■ **Task to carry out**: Restate the listing word for word; omit the images.

■ **Dataset extract**:
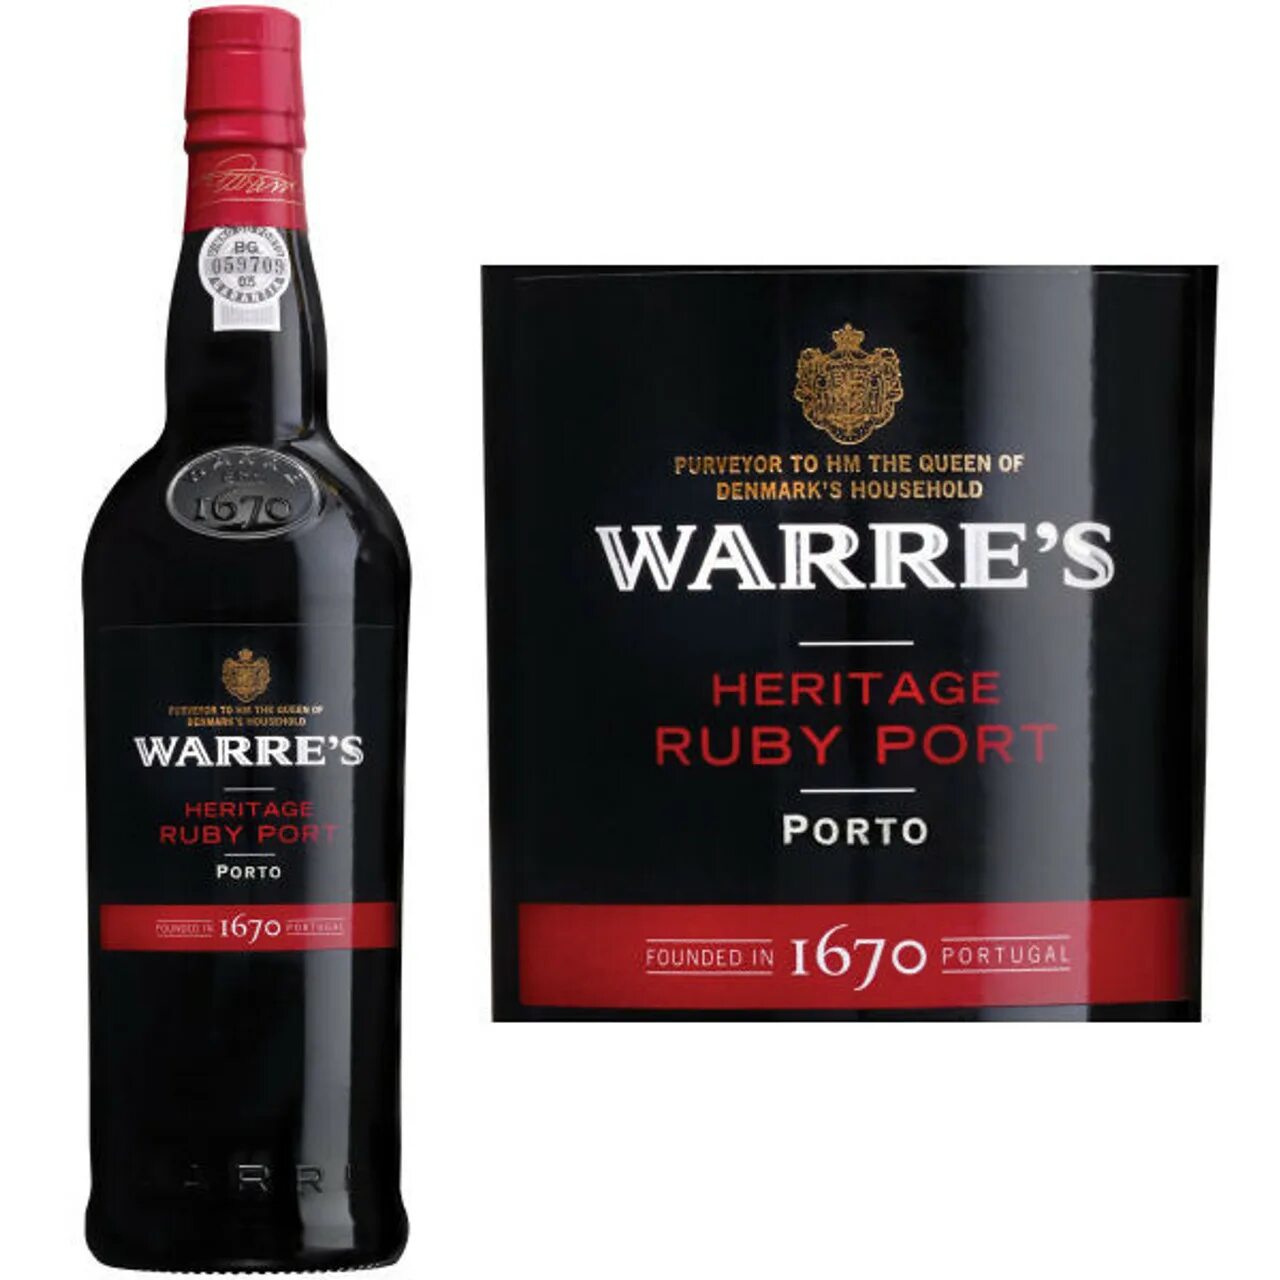 Руби порт. Портвейн португальский Warres Ruby Port. Портвейн Warre's Heritage Ruby. Порто Warre's Heritage Ruby Port. Портвейн Tawny Warres.
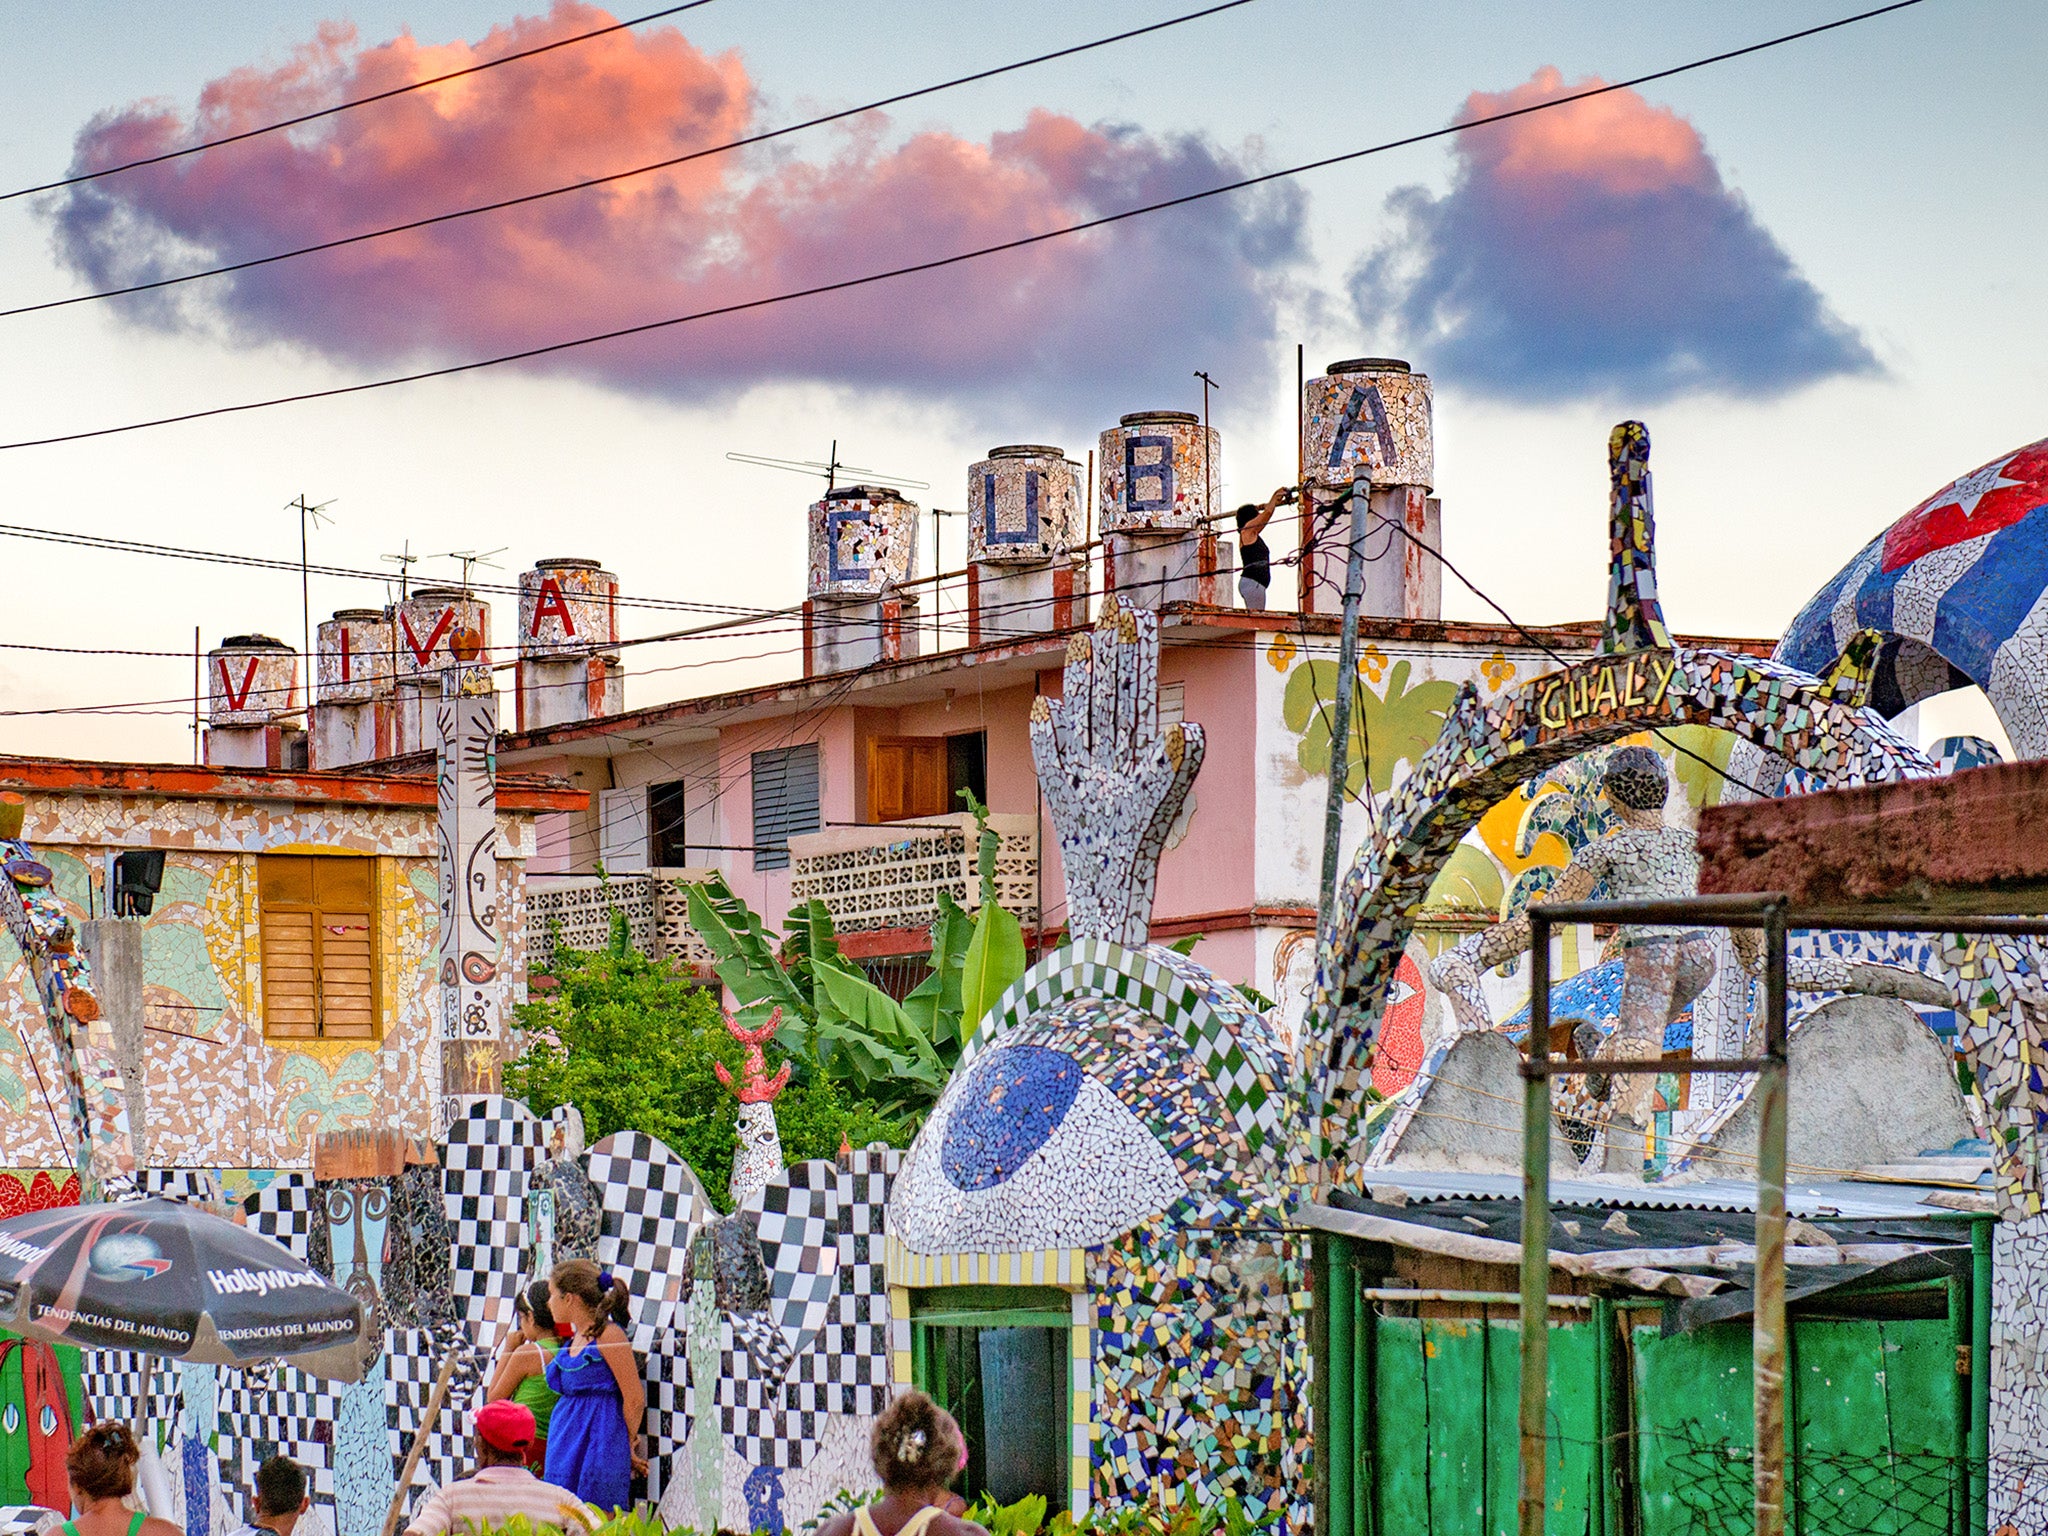 José Fuster’s workshop and residence in Jaimanitas, outside of Havana
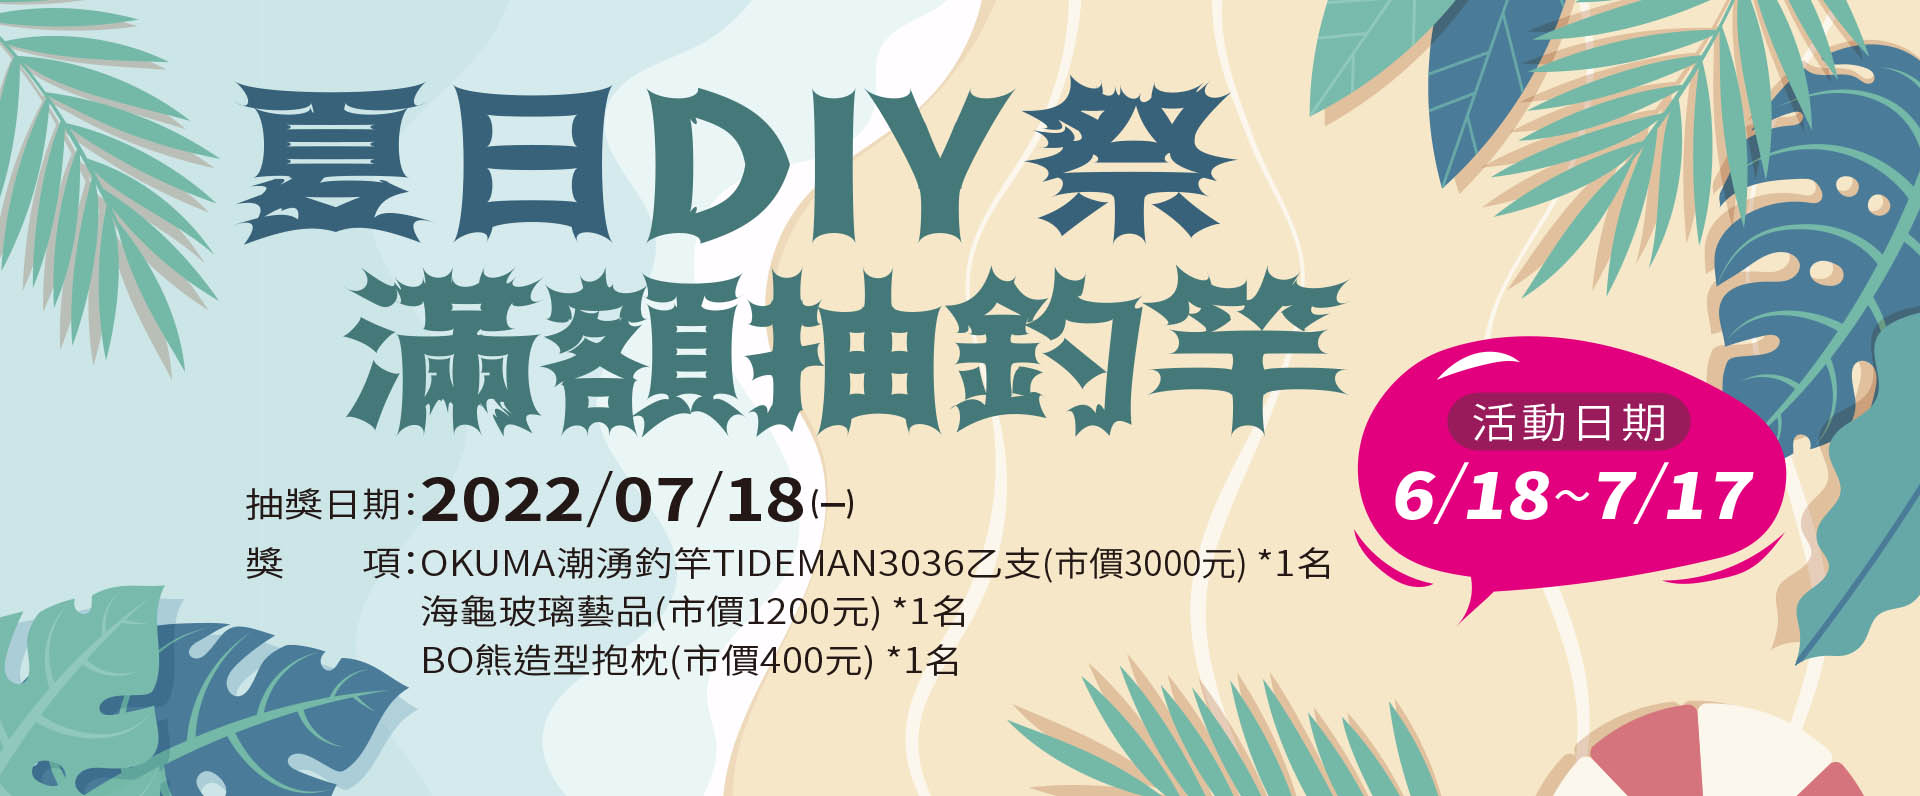 夏日DIY祭-滿額抽釣竿

■ **Exercise response**:
 Руби порт. Портвейн португальский Warres Ruby Port. Портвейн Warre's Heritage Ruby. Порто Warre's Heritage Ruby Port. Портвейн Tawny Warres.
 José Fuster’s workshop and residence in Jaimanitas, outside of Havana
 夏日DIY祭-滿額抽釣竿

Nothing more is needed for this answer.